## [DATA BELOW]

^^^^^^^^

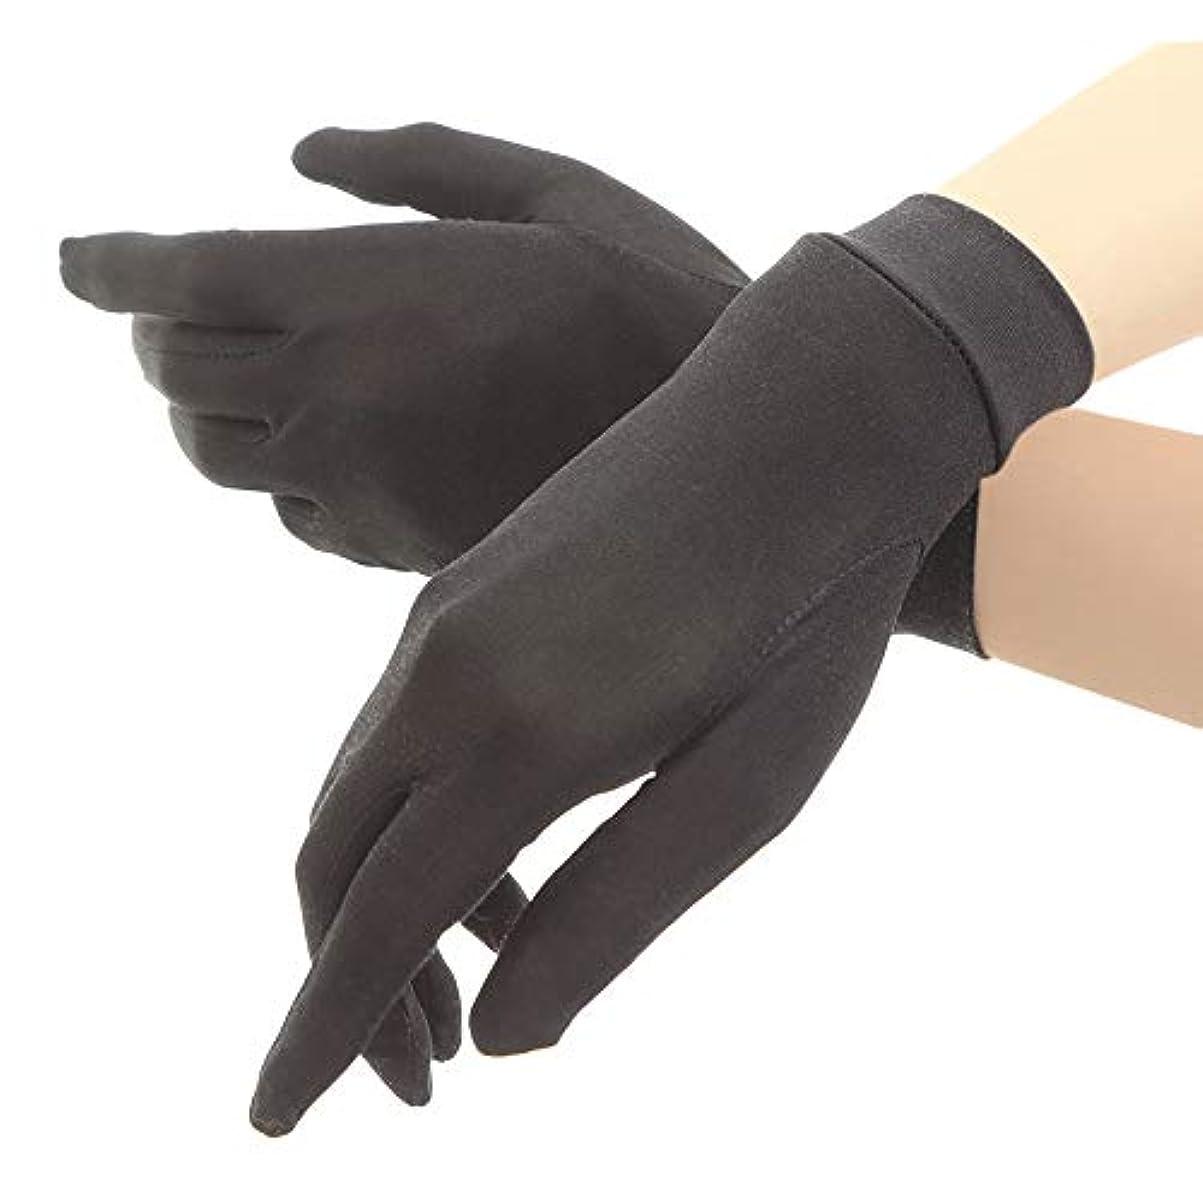 ソーダ水可能イタリックシルク手袋 レディース 手袋 シルク 絹 ハンド ケア 保湿 紫外線 肌荒れ 乾燥 サイズアップで手指にマッチ 【macch】
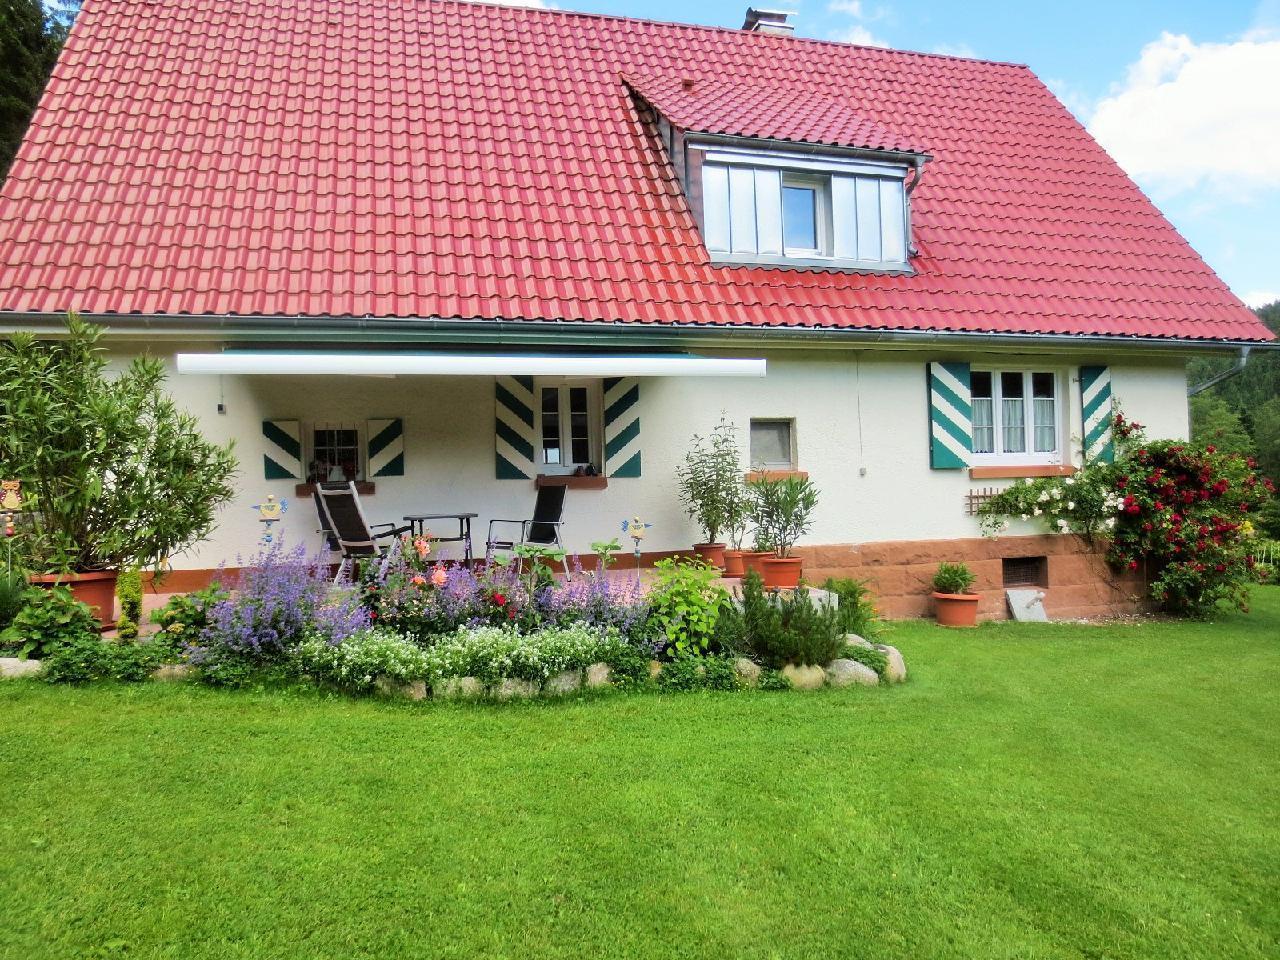 Ferienhaus Tauchert (979550), Baiersbronn, Schwarzwald, Baden-Württemberg, Deutschland, Bild 14
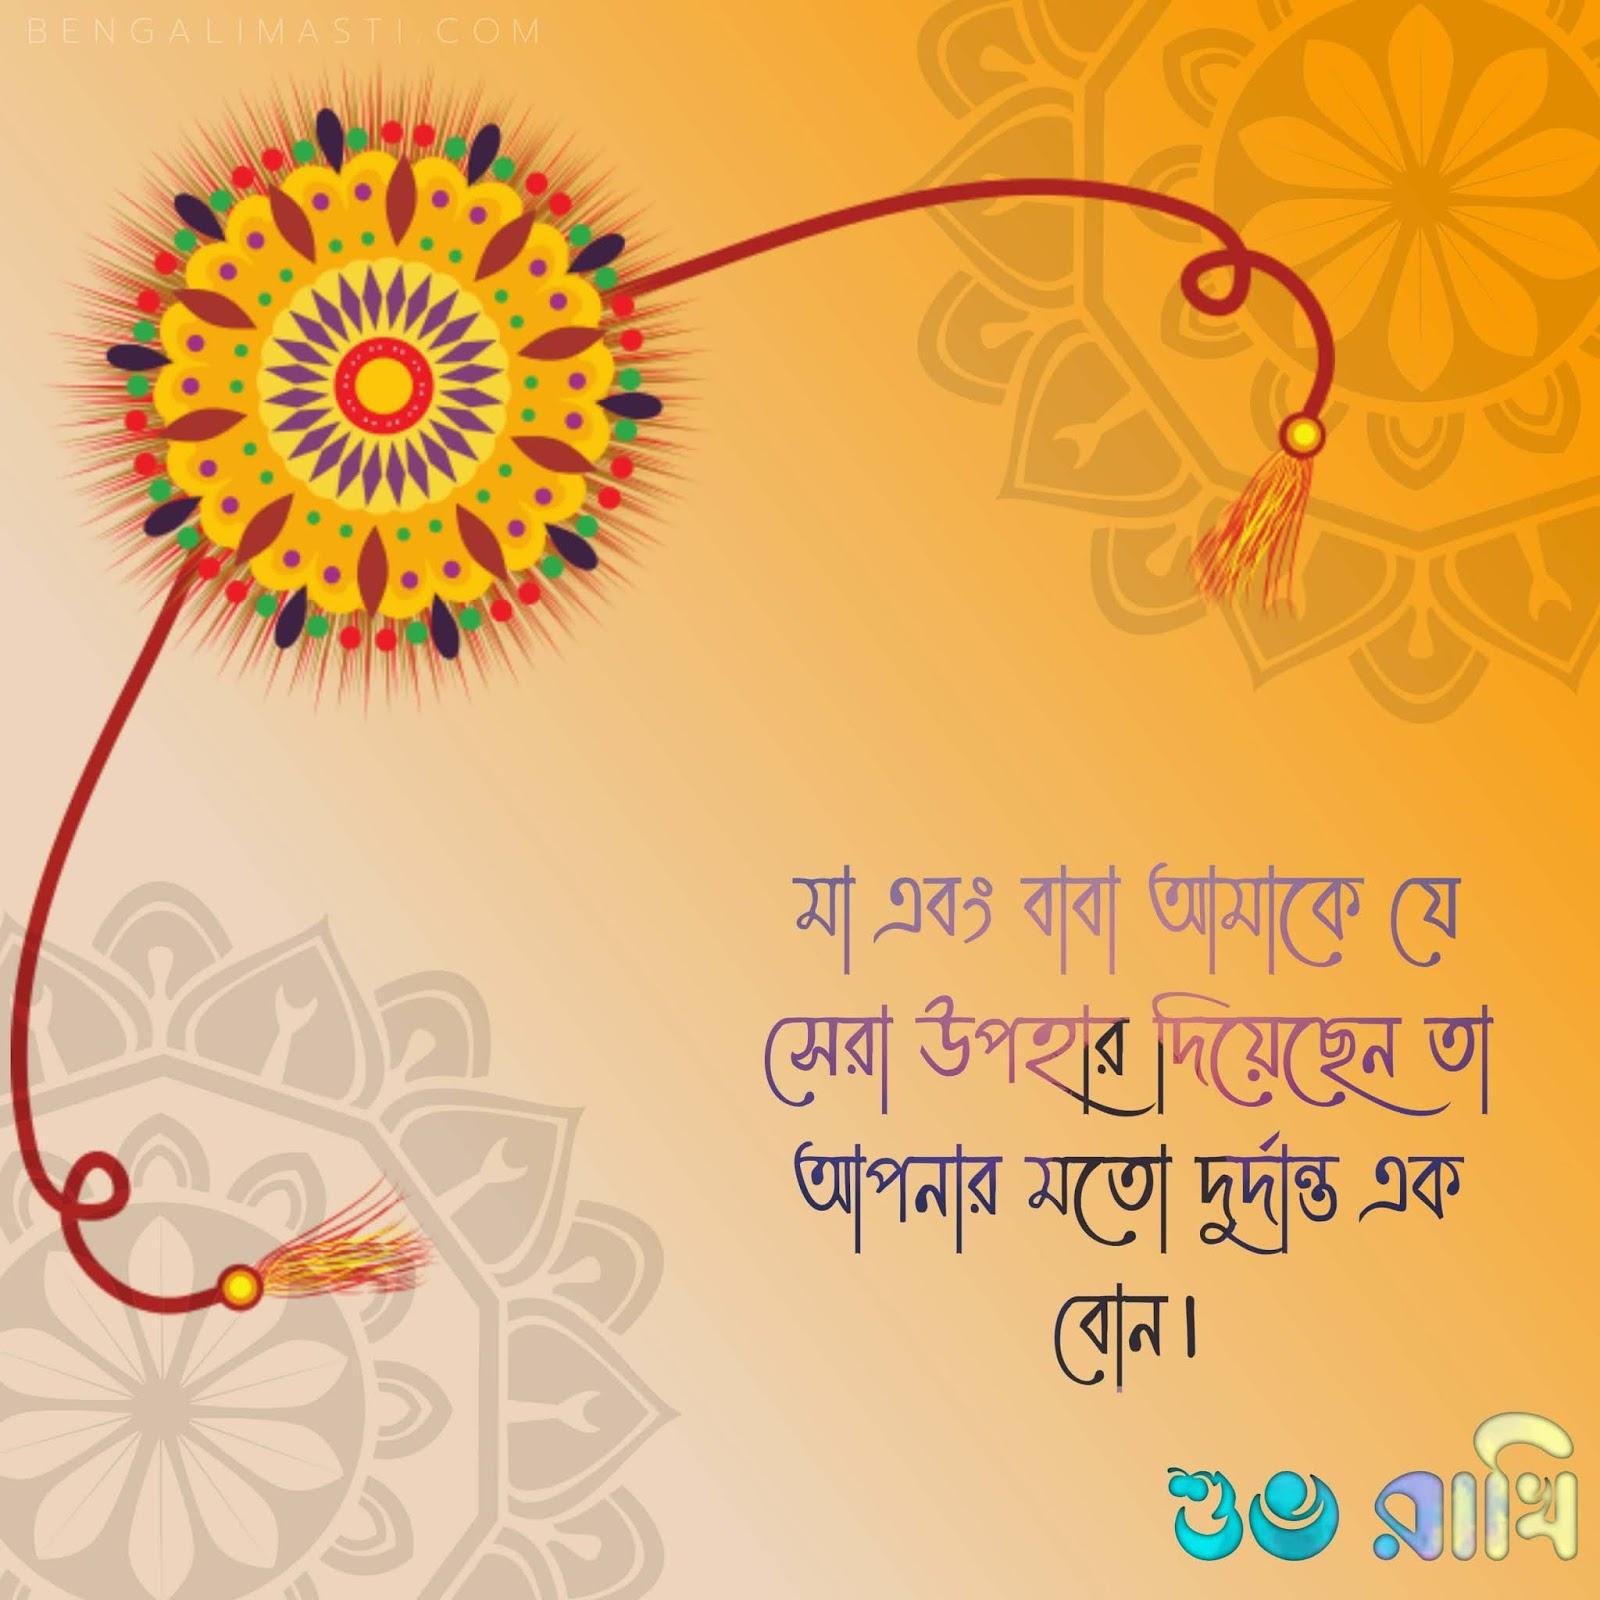 bengali raksha bandhan wish
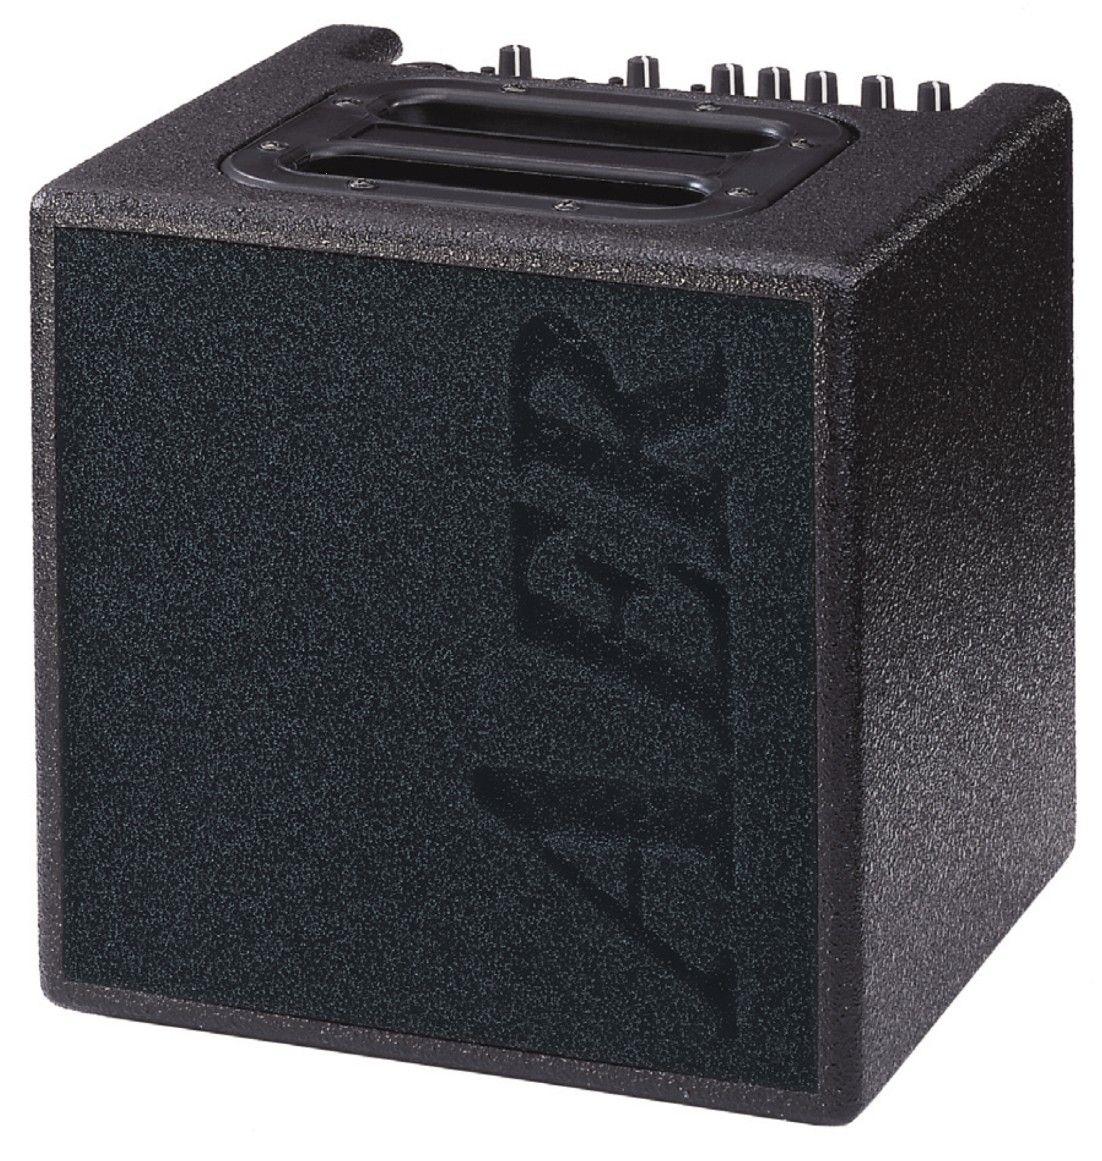 AER Alpha Akustikverstärker 2 Eingänge - 40 Watt

^^^^^^^^

## [WHAT IS EXPECTED]
Could you repeat all of the data exactly, minus the pictures?

## [TASK SOLUTION]
 ソーダ水可能イタリックシルク手袋 レディース 手袋 シルク 絹 ハンド ケア 保湿 紫外線 肌荒れ 乾燥 サイズアップで手指にマッチ 【macch】
 Ferienhaus Tauchert (979550), Baiersbronn, Schwarzwald, Baden-Württemberg, Deutschland, Bild 14
 bengali raksha bandhan wish
 AER Alpha Akustikverstärker 2 Eingänge - 40 Watt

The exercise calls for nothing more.